See the Balance Ball example for a more detailed description of the network and genetic trainer helper classes

SmartEngine.Examples.Shooter.AINetwork contains the networks and SmartEngine.Examples.Shooter.AIController the controller that the AI uses, leveraging the network helper infrastructure. SmartEngine.Examples.Shooter.DummyNetwork. contains the networks that the dummy bot uses during training. It can be initialized in different modes depending on what kind of training we are doing. For instance, it can be set up to walk around with infinite health and not shoot when training the aim network, or to follow the AI closely during movement / action training. The network classes contain two helper network interfaces: one for the aim graph and one for the movement / action graph. The controller class also implements two controller helper interfaces. The aim part of the controller can be mapped separately from the movement / action, allowing for graph evaluation for aim and stand still movement from the dummy network during aim training.

SmartEngine.Examples.Shooter.AimRecordingTrainer trains from a recording using gradient descent. The actual aim recording is done by the SmartEngine.Examples.Shooter.GameRecorder class.

SmartEngine.Examples.Shooter.AimGeneticTrainer further refines the aim network using genetic training. It is expected that training was done first from recording as the trainer does not initialize with random networks. The training AI controller uses a movement / action dummy network to stand still and fire every frame, but the normal graph evaluation for aim.
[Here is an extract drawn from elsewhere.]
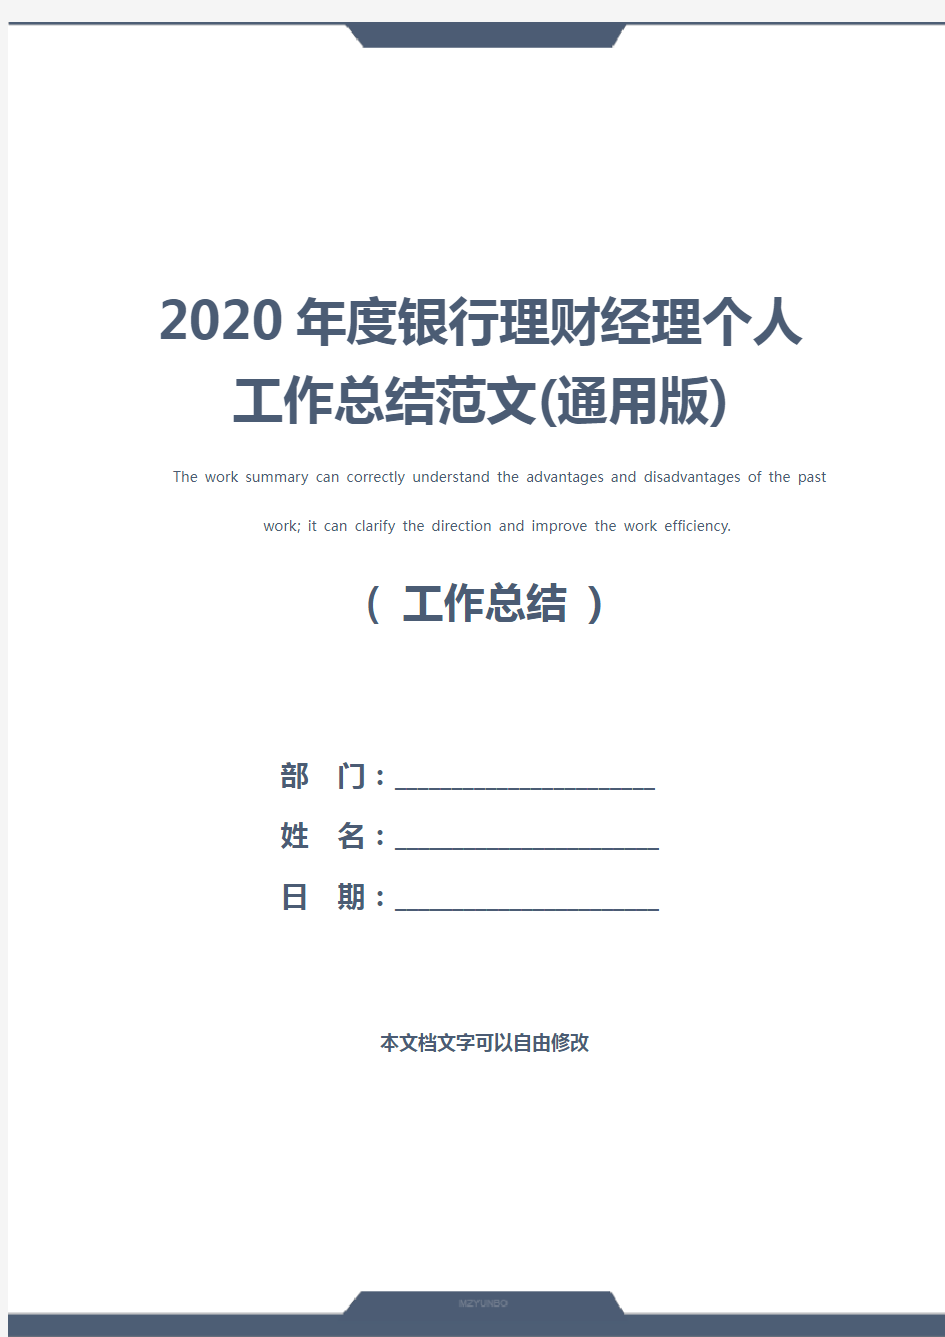 2020年度银行理财经理个人工作总结范文(通用版)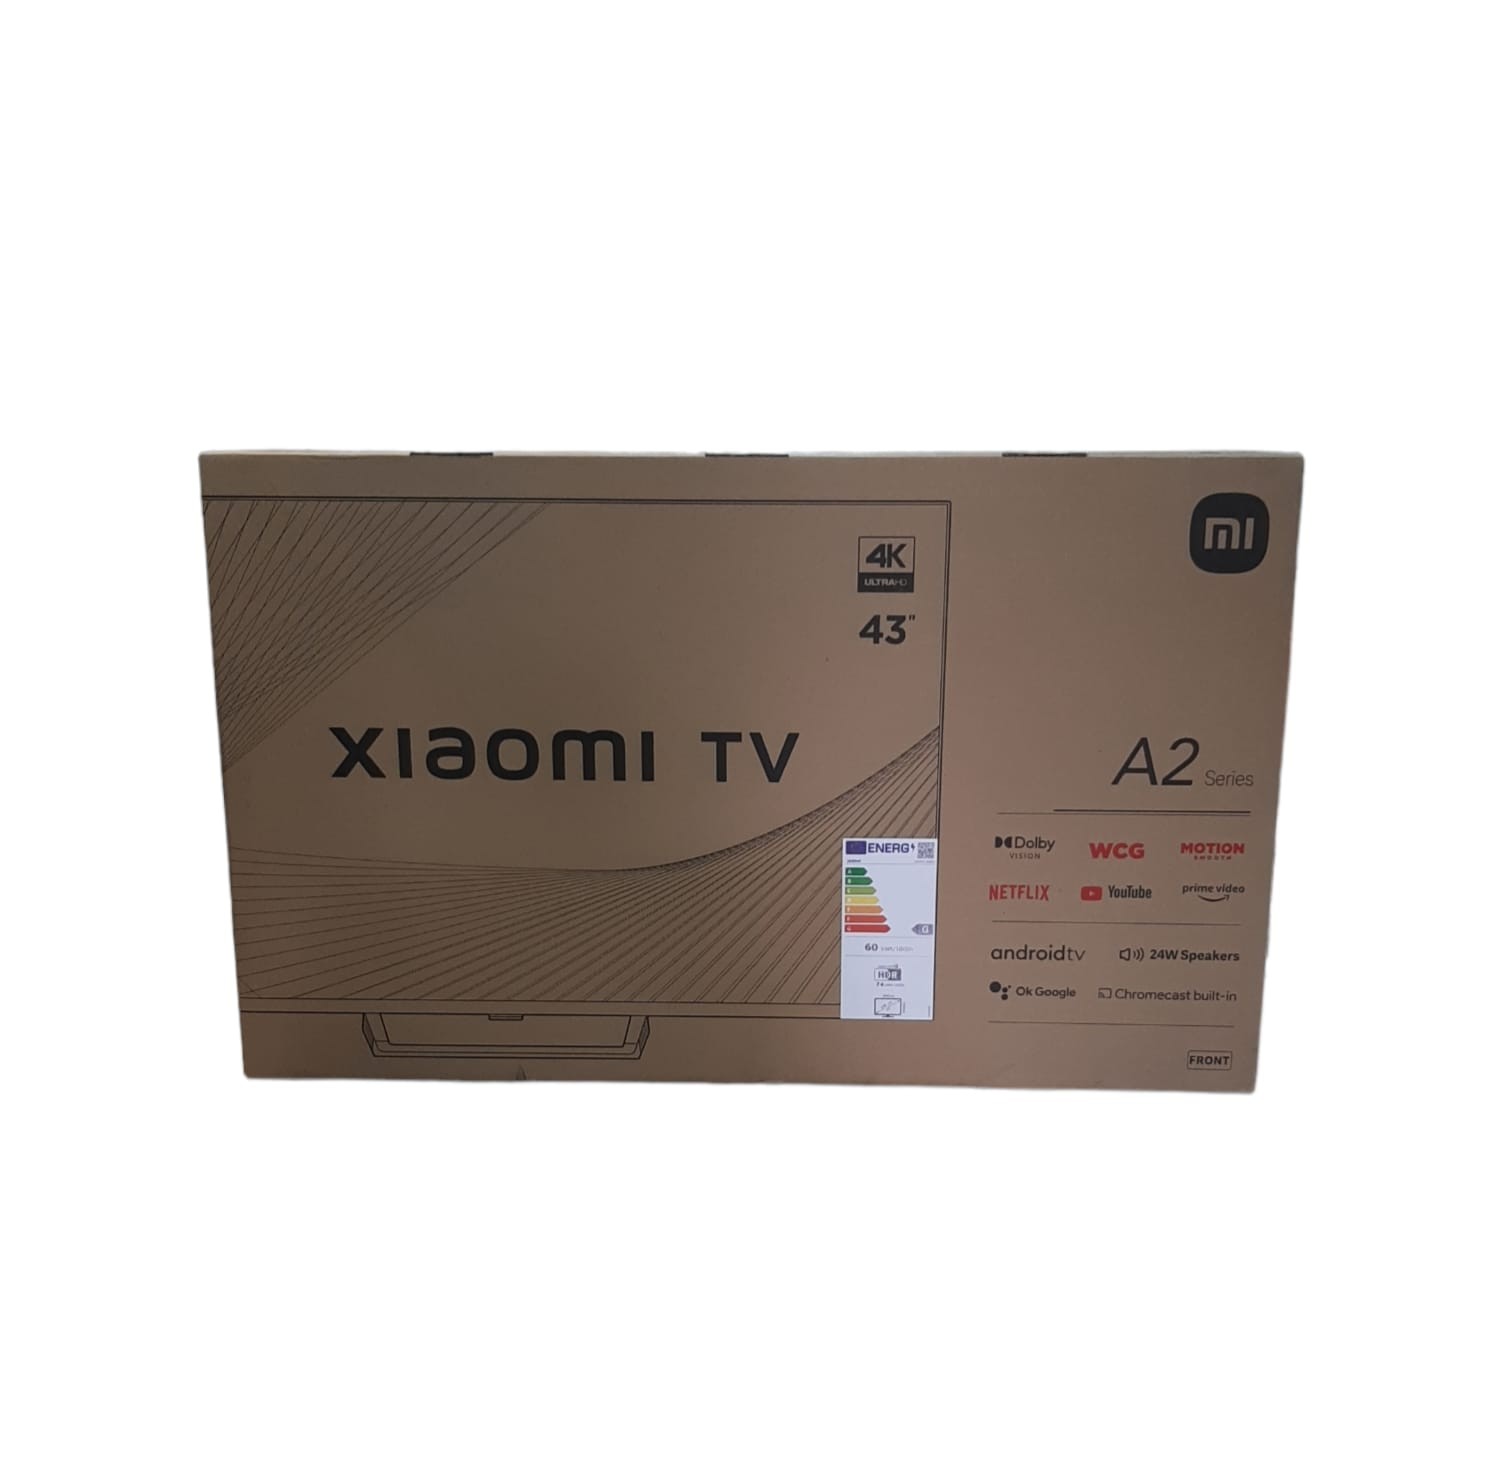 Xiaomi TV A2 43 pulgadas - Xiaomi España

SmartEngine.Examples.Shooter.MovementActionGeneticTrainer is the genetic trainer for movement / action training. It leverages the networked genetic trainer helper class. Depending on the game seed being trained on, a different version of the dummy network is used. This forces the AI to be good across a variety of scenarios instead of just one. It is expected that the network has fully completed aim training before starting movement / action because this trainer uses the aim graph but does not modify it. Like the Gold Rush Example, this example is set up to allow for the game to be stepped multiple times in a Unity frame, allowing for faster than real-time training.